Бретонка вдруг замялась.
– Тебя это, наверное, расстроит, – осторожно произнесла она, – но подавляющее большинство ривервудцев считает, что ты спишь с ярлом, и за это он и оделил тебя танством.
Банри обомлела.
– Да он же мне совсем не нравится, – глупо сказала она, и Дельфина расхохоталась.
– Ну, попробуй объяснить это окружающим.
Готтлсфонт подождала, пока Клинок отсмеется, и спросила:
– И что, так прямо все и думают? Что я грею Балгруфу постель в качестве платы за титул?
– Не знаю насчет других граждан владения, но в нашей деревне, как я сказала, почти все. Кроме меня, стражников и, возможно, твоего приятеля Фендала.
– Ясно. – Банри запрыгнула в седло и отыскала взглядом Барбаса. – И ты, выходит, решила использовать общественное мнение в свою пользу? Для этого нужны тряпки и драгоценные побрякушки?

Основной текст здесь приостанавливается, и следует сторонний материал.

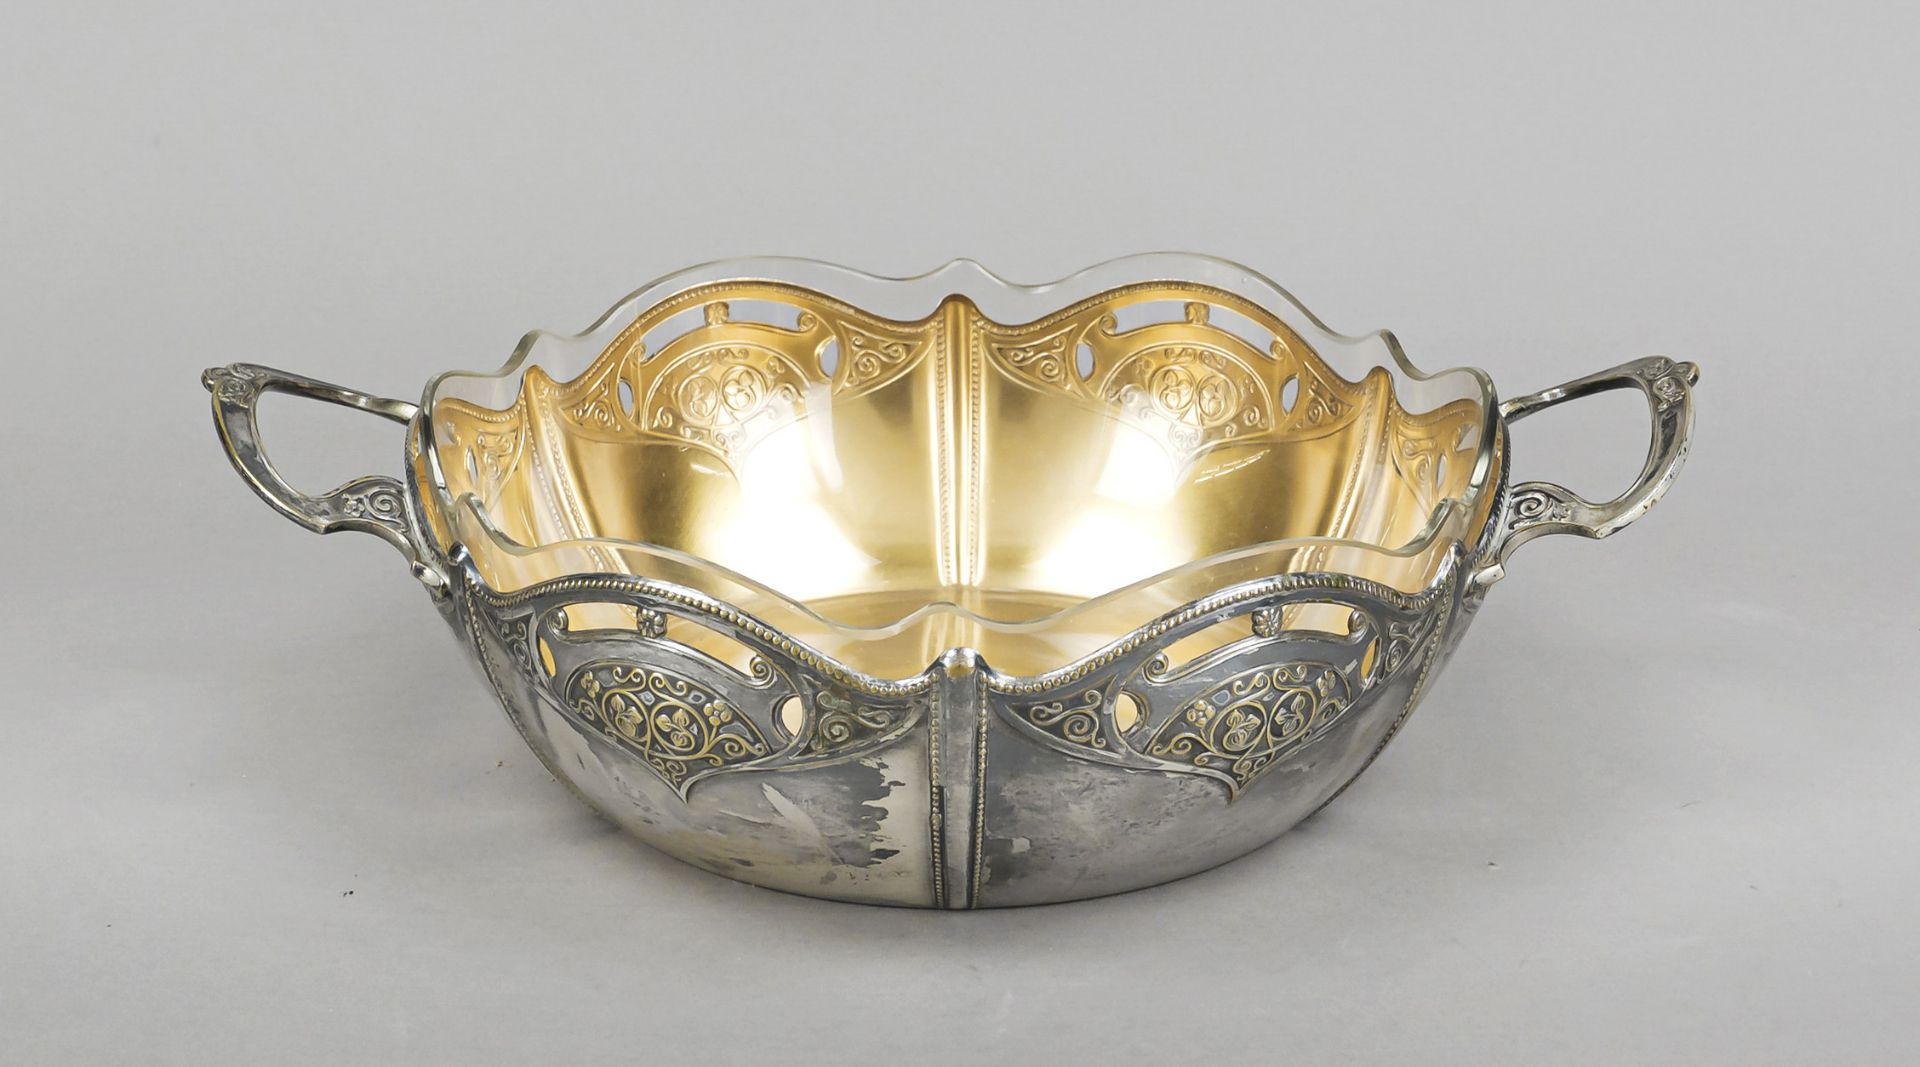 A round Art Nouveau bowl, German, c. 1900, maker's mark WMF, Geislingen, ostrich mark, plated,

– Быстро соображаешь, – одобрила Дельфина. – Да, представим все так, будто ты страстно желающая подняться в обществе содержанка с номинальным титулом. Отличная легенда, по-моему, и, главное, практически все вокруг уверены, что это правда.

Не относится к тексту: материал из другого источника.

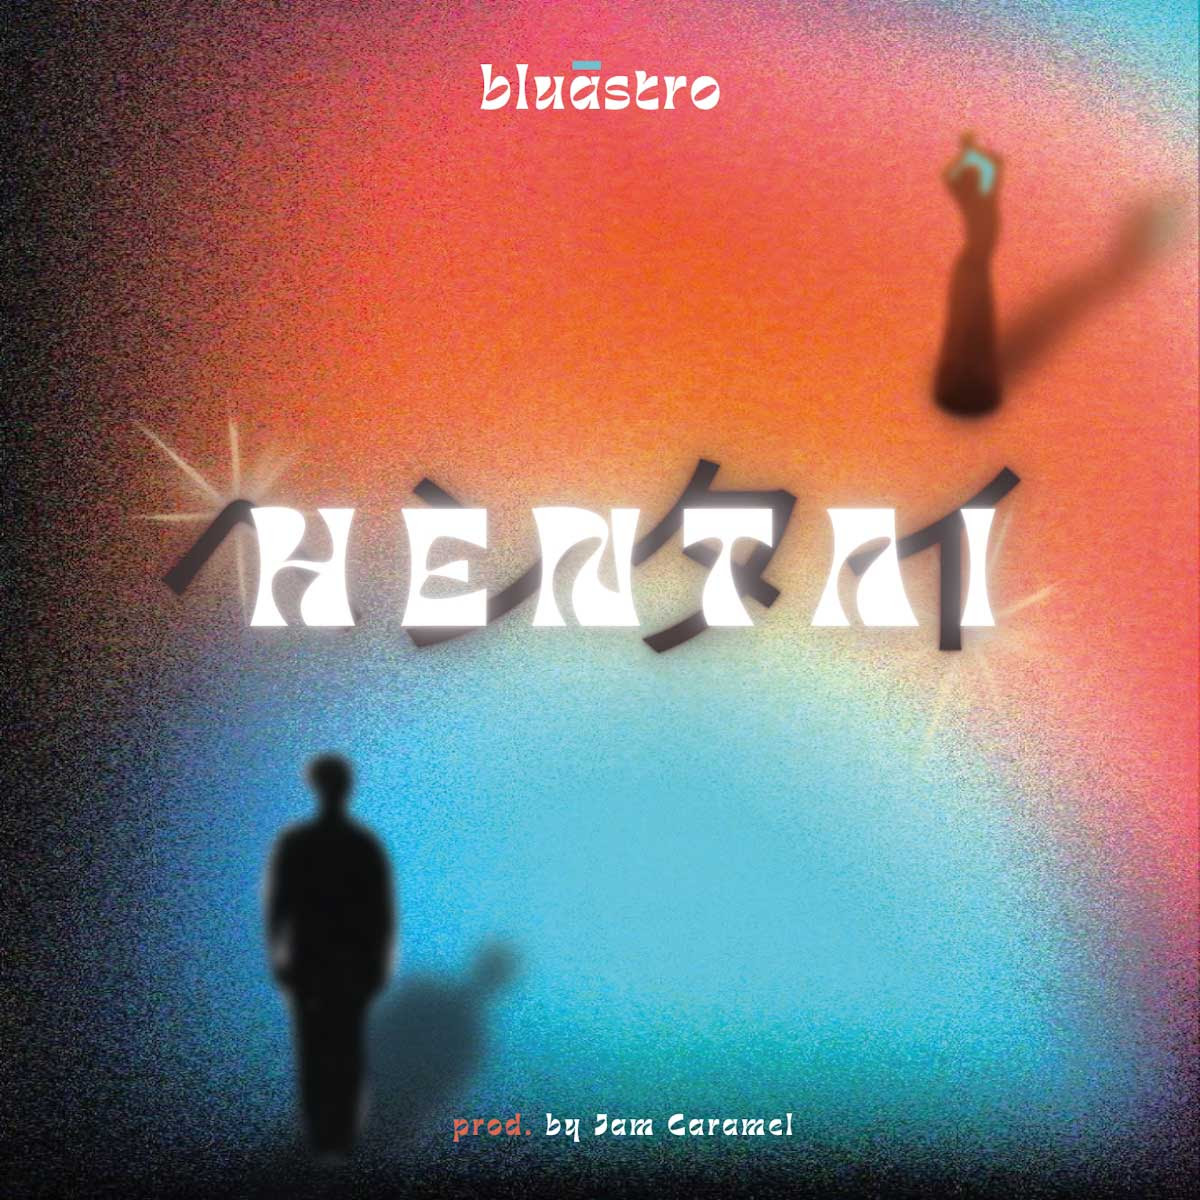 bluāstro: disponibile sui digital store “HENTAI” il nuovo singolo

– Да уж, просто замечательно, – огрызнулась имперка. – Всю жизнь только и мечтала прослыть любовницей какого-нибудь дворянина. Отвратительно!
Дельфина прищурилась.
– В конце концов, это может сыграть тебе на руку. Талморцы решат, что ты не представляешь опасности их деятельности, и отзовут своих убийц.
– Да, но если я все же попаду в их посольство и наведу там шороху, то как бы не вышло наоборот, и за мной не послали в два раза больше асассинов.
– Будем решать проблемы по мере их поступления. Сейчас поезжай спокойно и не думай об этом. Сиди дома и старайся не выходить за стены. А, да – прикупи одежды побогаче и проведи разъяснительную работу со своим хускарлом. Только не вздумай все ей рассказывать.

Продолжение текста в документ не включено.